포플러의 休眠枝 不定芽 誘導法을 이용한 GUS 遺傳子의 器外 形質轉換

Insertion and expression of GUS gene through in vivo transformation using adventitious bud regeneration technique of dormant scion in populus

We have developed the in vivo transformation method for Populus species without applications of in vitro tissue culture techniques. To induce sufficient number of adventitious shoots from dormant scions which were harvested from stool beds, several factors were tested : the length of scion, three different diameters of scion, three different wounding treatments on scion, presence or absence of axillary buds, cutting orientation. The best condition for adventitious shoot production was the scion without axillary buds, 25㎝ in length, 10-15㎜ in diameter with crooked cuts. Average 130 shoots were regenerated from the cut surface of one-year-old scion. Shoots were regenerated from callus-like structure originally induced from cambium of cut surface.

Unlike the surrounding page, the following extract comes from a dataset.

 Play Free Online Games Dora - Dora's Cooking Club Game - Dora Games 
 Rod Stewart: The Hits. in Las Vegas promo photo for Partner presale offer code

A binary vector plasmid, pBI121, was used containing 2 chimeric gene constructs : 1) Nopaline synthase(nos) promoter-NPTⅡ-nos terminator and 2) CaMV 35S promoter-β-glucuronidase(GUS)-nos terminator. The binary vector was transfered to Agrobacterium tumefaciens strain A281 and C58 by triparental mating. The scions with wounding treatment were co-cultured for 24 hours with Agrobacterium binary vector systems in shaking incubator. After co-cultivation, these scions were washed and cultured on waterbeds. Following 14 days of culture in growth chamber, the regenerants from the co-cultivated scions were tested GUS assay to confirm the expression GUS gene. About 30% of regenerants were confirmed as transgenic poplar by the GUS activity in stems and leaves.